What the exercise asks - From the first line to the last, repeat the data exactly but leave out the pictures.

Recorded data -
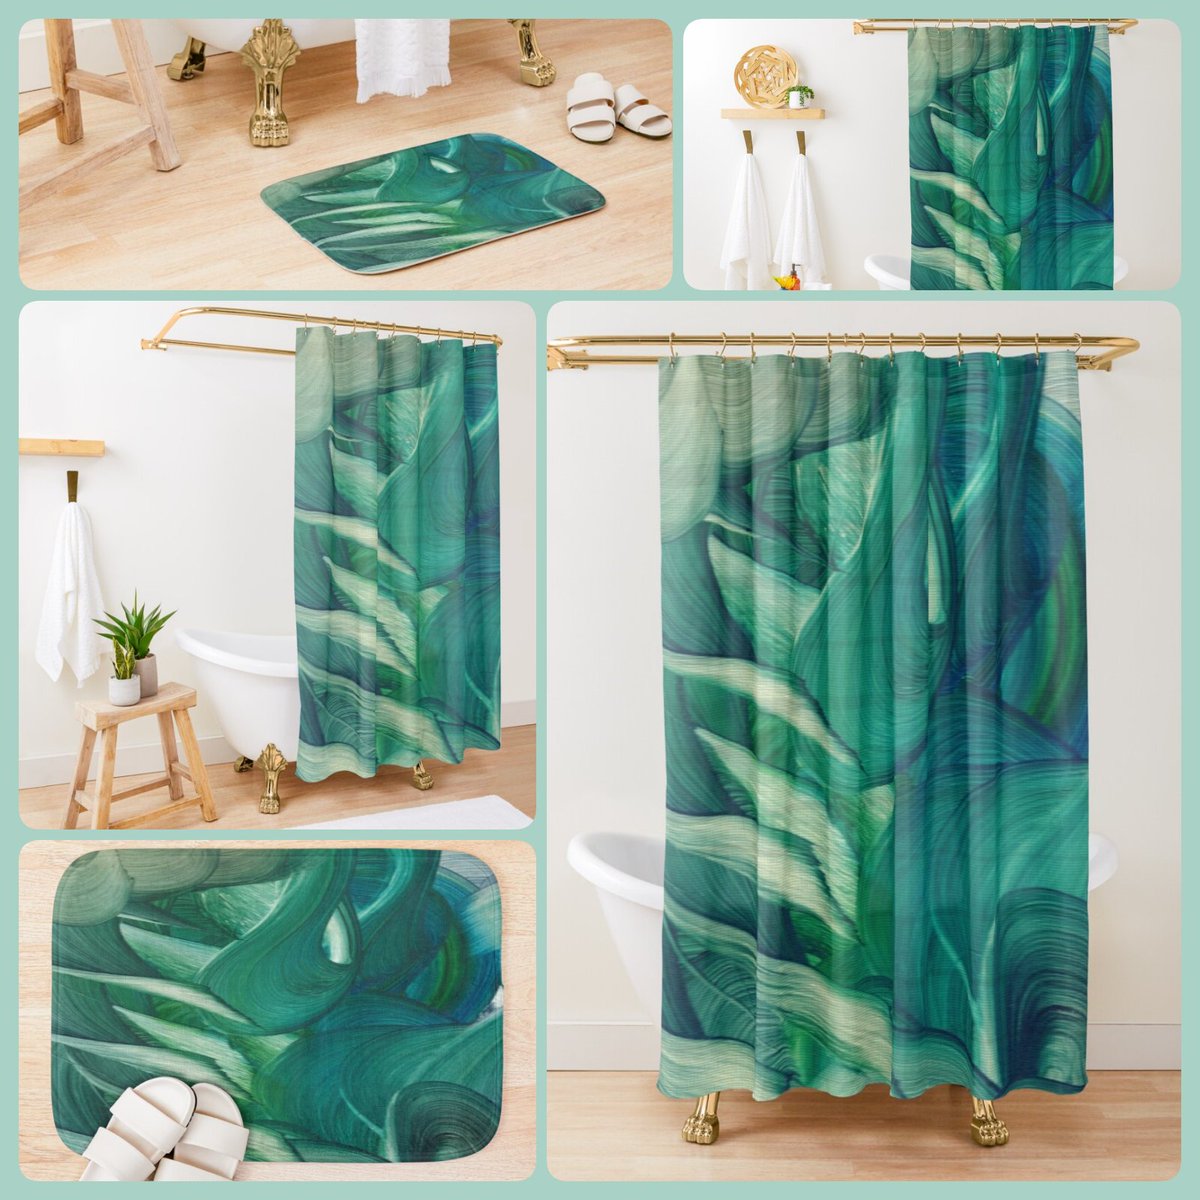 Audhumla Shower Curtain~by Art Falaxy
~Be Artful~ #accents #homedecor #art #artfalaxy #acrylicblocks #bathmats #blankets #comforters #duvets #pillows #redbubble #shower #trendy #modern #gifts #FindYourThing #turquoise #teal #blue #green

redbubble.com/i/shower-curta…

Reply to the task -
 Audhumla Shower Curtain~by Art Falaxy
~Be Artful~ #accents #homedecor #art #artfalaxy #acrylicblocks #bathmats #blankets #comforters #duvets #pillows #redbubble #shower #trendy #modern #gifts #FindYourThing #turquoise #teal #blue #green

redbubble.com/i/shower-curta…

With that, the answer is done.